But here is the oddity of this work: I was involved in the world of LOOs: Large Outdoor Objects.  Crane work and trucking became my expertise — had anyone ever predicted this earlier in my career (a philosophy major at Yale, a PhD. in English from Penn), I would have declared them loony.   And while I enjoyed this part-time job, my dream came true when a full-time job was created as Material Donation Manager.  I would control all donations from the ship Navy to non-profit groups, such as veterans groups, municipalities, and museums, in accordance with statutory requirements for giving away Government property.   I was to do this full-time for five years, and as part-time (after they abolished the job) for four more.   Incidentally, for those last four years I handled the retirement of service craft through reefing or auction sale and made millions for the Navy.

But the Material Donations job was the apple of my eye, because it kept me in constant contact with the Curator division of the Navy and the Director of the Navy Museum.  And in contact with veterans and towns all over the country (I myself have served in the Navy and the Army, so had the cred to deal with them).   I kept an atlas of the U.S. at my desk to figure out the location from which I was being called.  For example, Ottumwa, Iowa came in with an effort to get a retired tugboat which had been named for it. Don’t know where Ottumwa is?  Look it up!  Anyway, a lot of effort went into this with one big issue: how to get the boat up a shallow river with low bridges to the town.  It wasn’t going to happen, even with the usual lack of funding on the potential donee’s part to make it happen.
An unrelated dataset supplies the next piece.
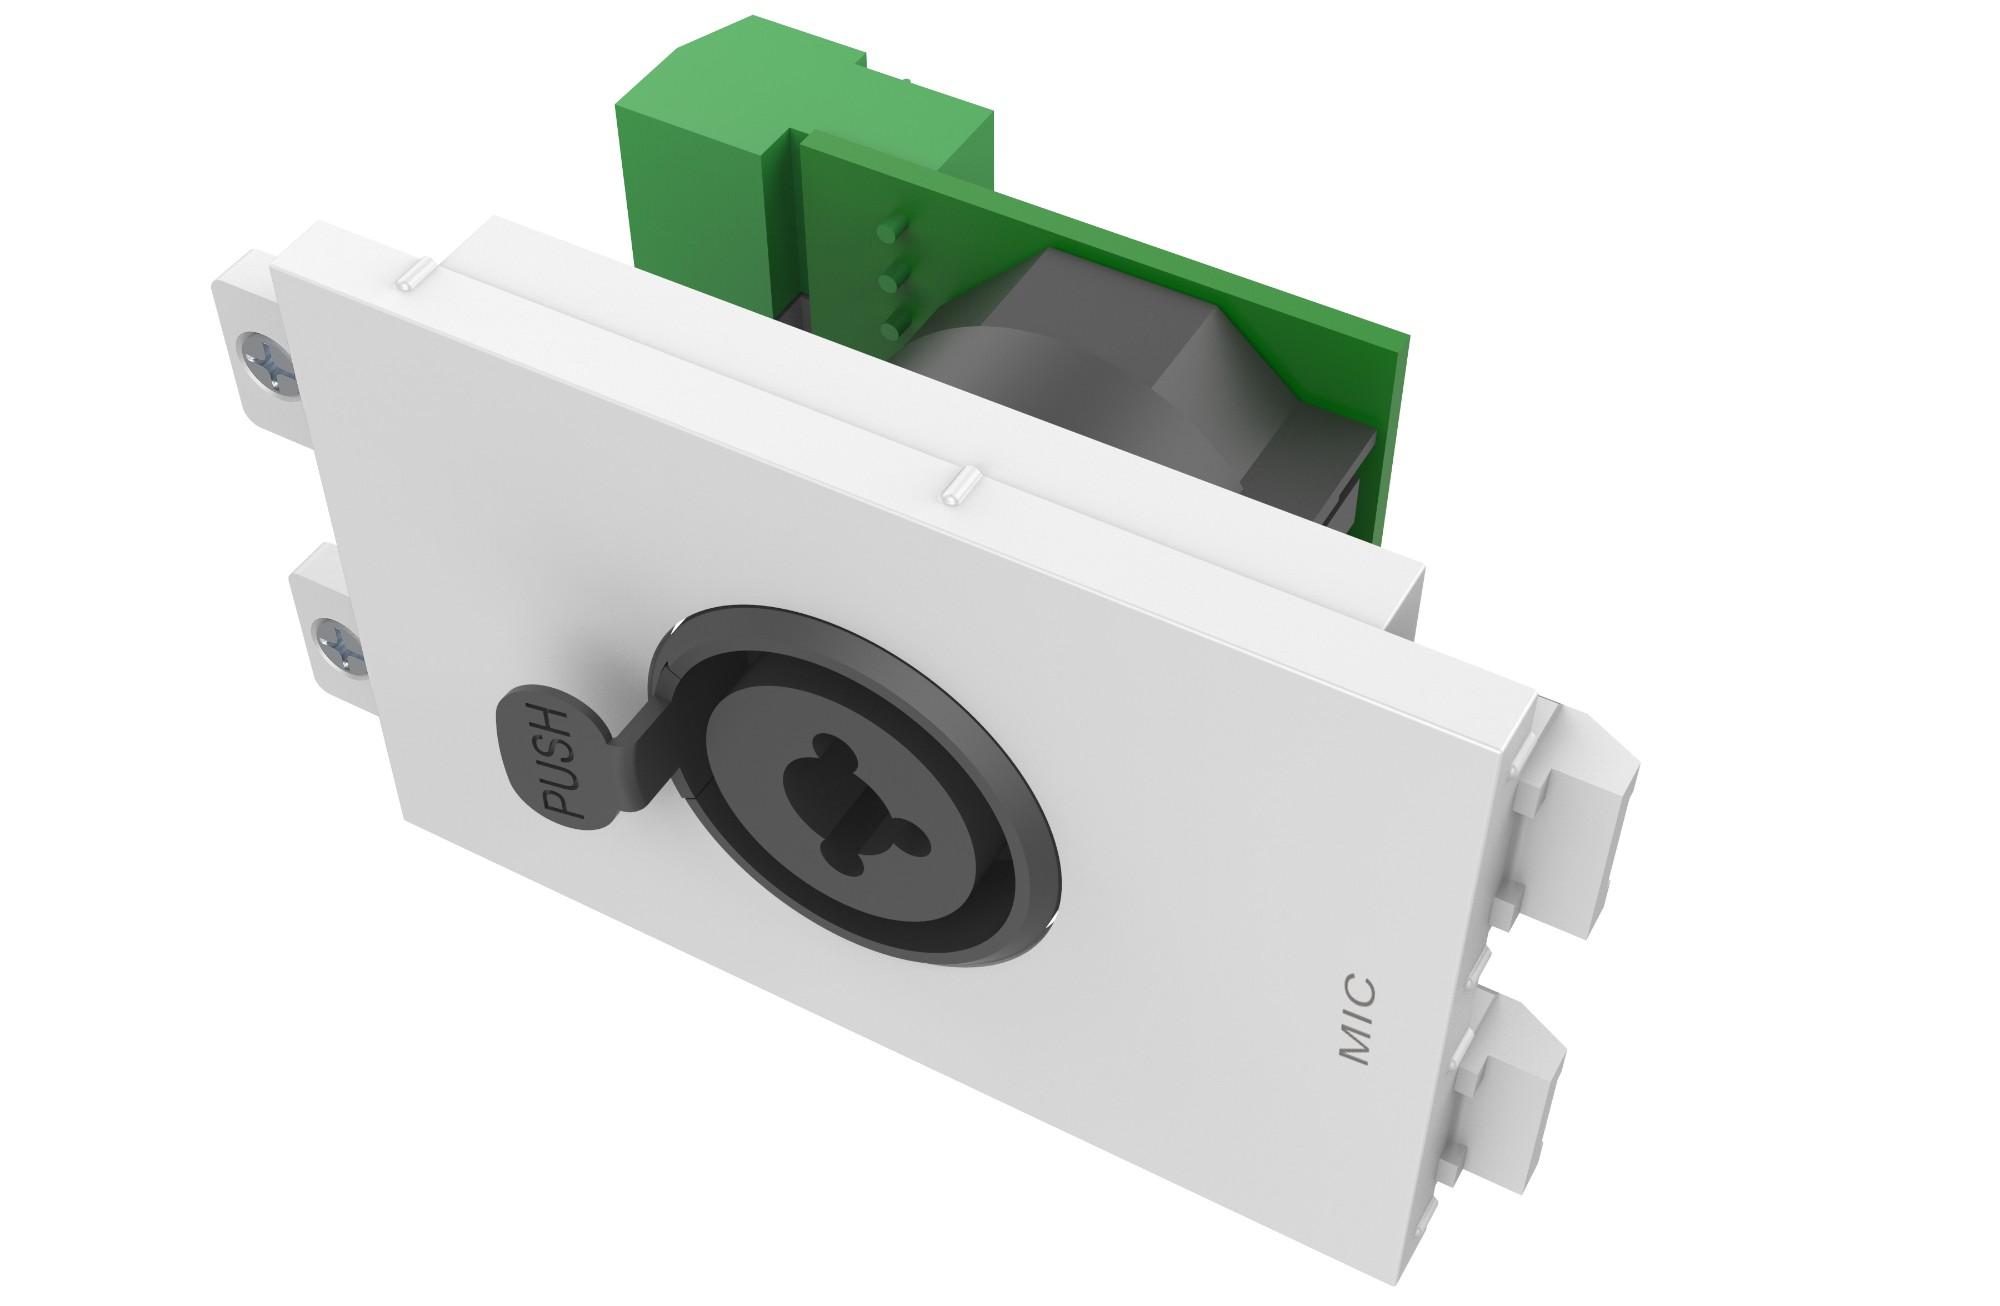 Vision Tc3 Xlrfjack Xlr 6 35mm White Socket Outlet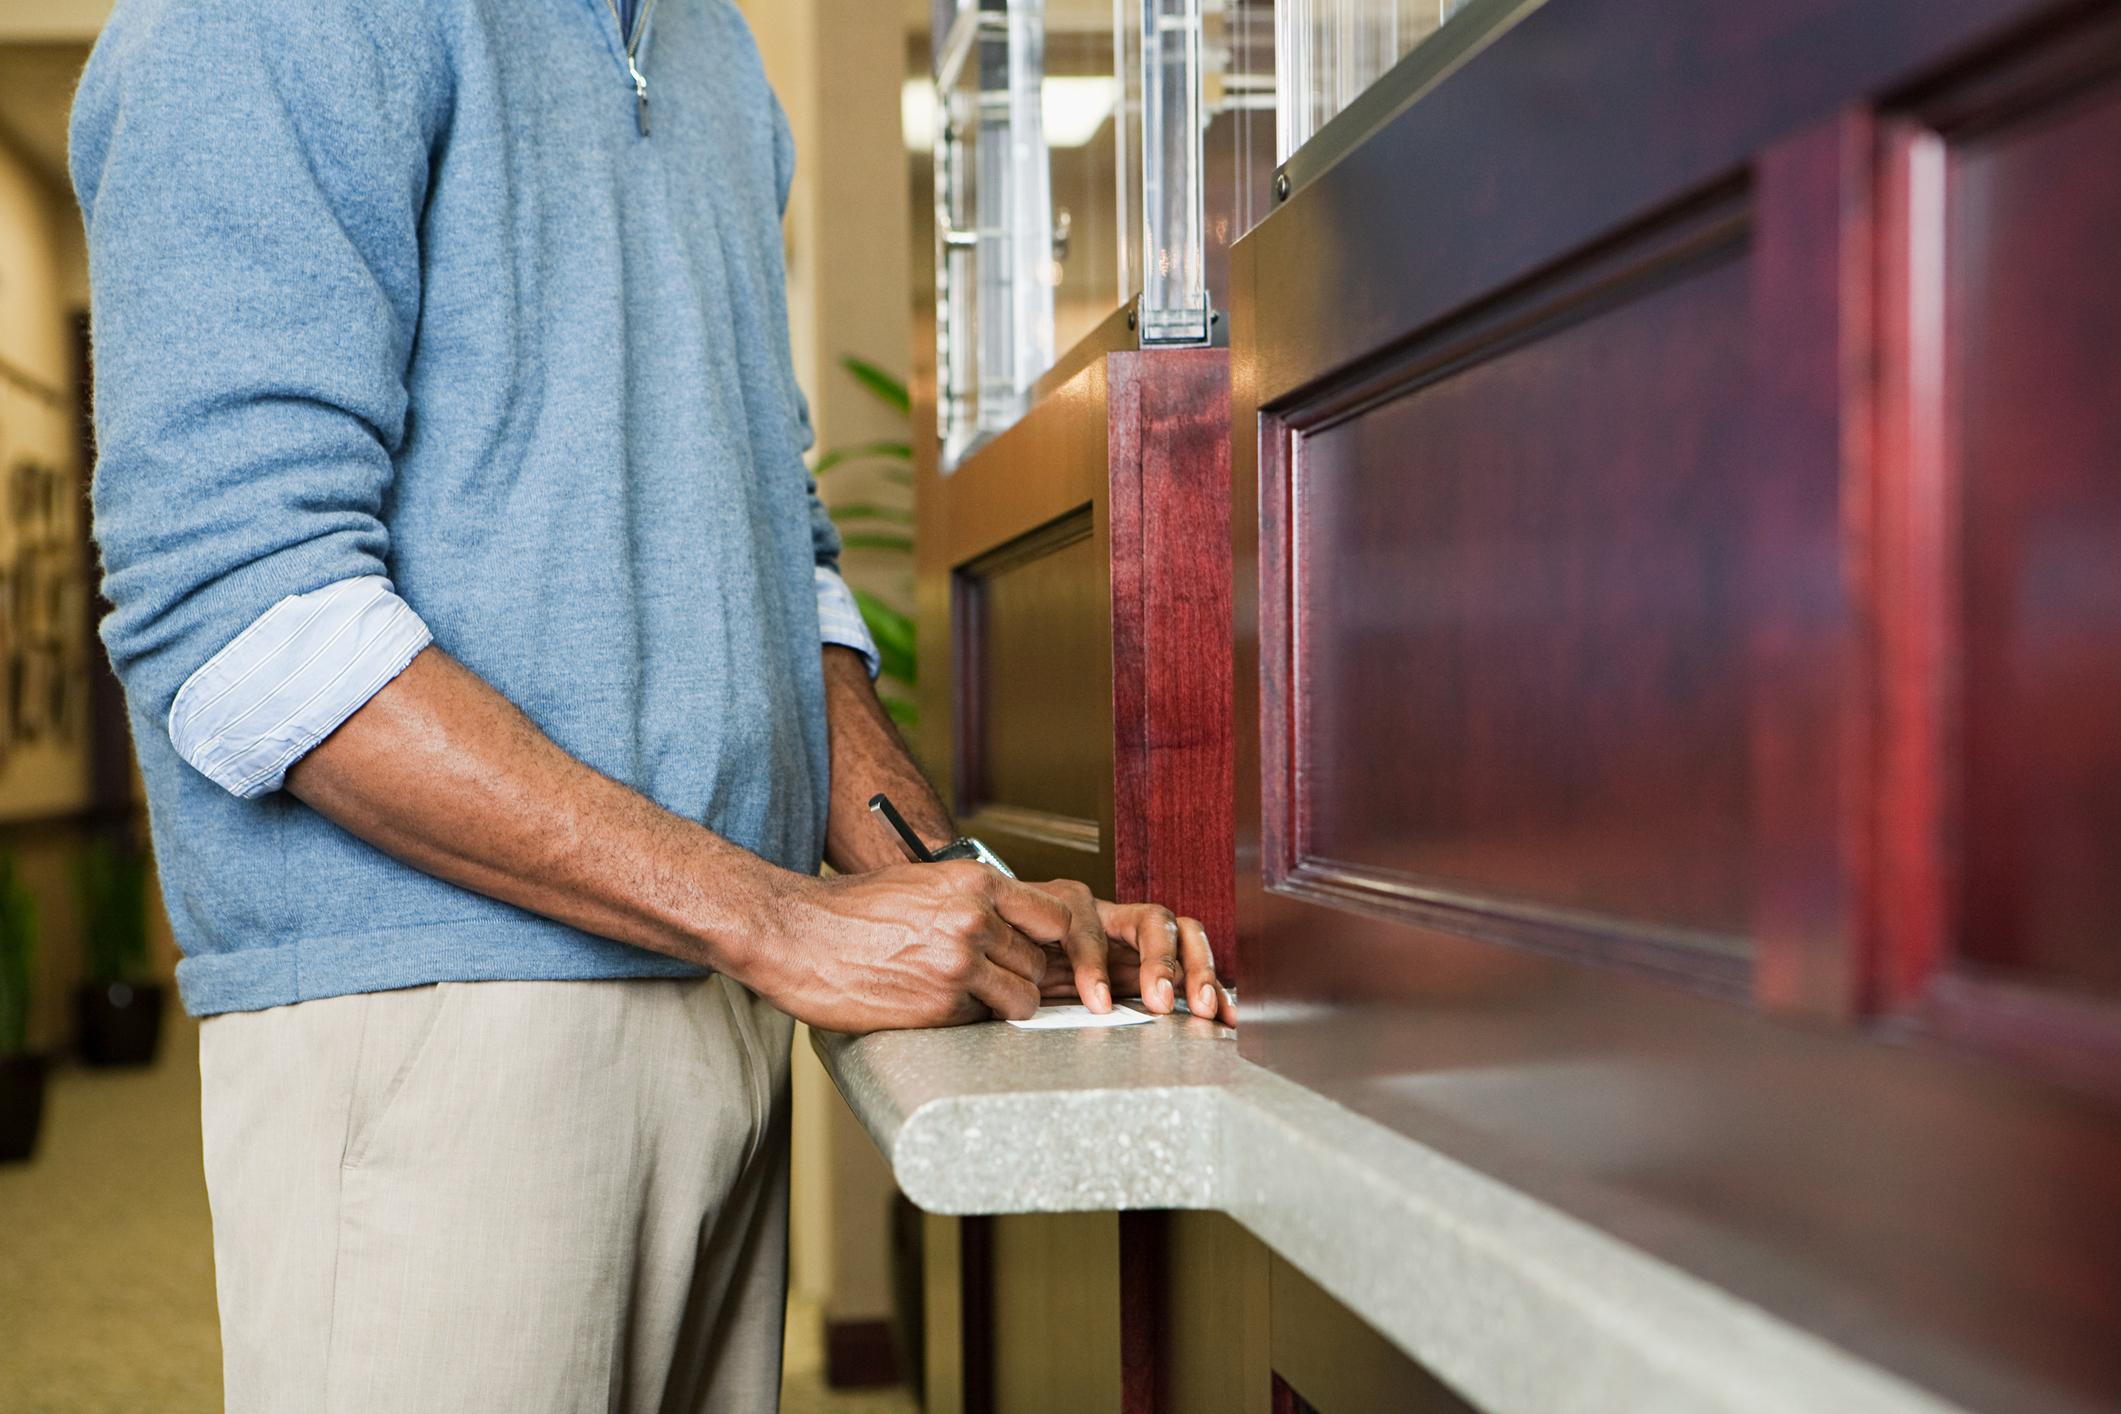 A bank customer filling out a deposit slip.

Many things didn’t work out, but some did:  a huge anchor went to Boulder, Colorado, to commemorate a great CNO, Arleigh Burke.  My name is on a brass plaque there, though maybe that is not proper for a faceless bureaucrat!  But faceless I was not in this world, especially to the volunteers supporting historic ship museums.  I was their patron saint, and to this day am referred to as Admiral Speer.  Why?   Because I was the go-to guy for things they wanted, and I could sometimes go find these things — it took some doing to explore the warehouses scattered throughout the Navy world, but for some golden years I was authorized to do this.  For example, I came up with dummy tear-drop depth charges, needed by a Destroyer Escort in Albany, found in stockpiles in middle-Nevada, a place I actually visited — come in, turn left at the traffic light, and we are at the end.  “Which traffic light?  Well, there’s only one.”  While at that location, I observed — and kicked the unyielding mass — of one of the two groupings of 16-inch (battleship) gun barrels remaining in the U.S. inventory.  (The others are in Norfolk, and I’ve kicked them, too, gives you an idea of what I did.)   As well, out there in the Nevada desert, were huge repositories of torpedoes.  This world is not a simple thing.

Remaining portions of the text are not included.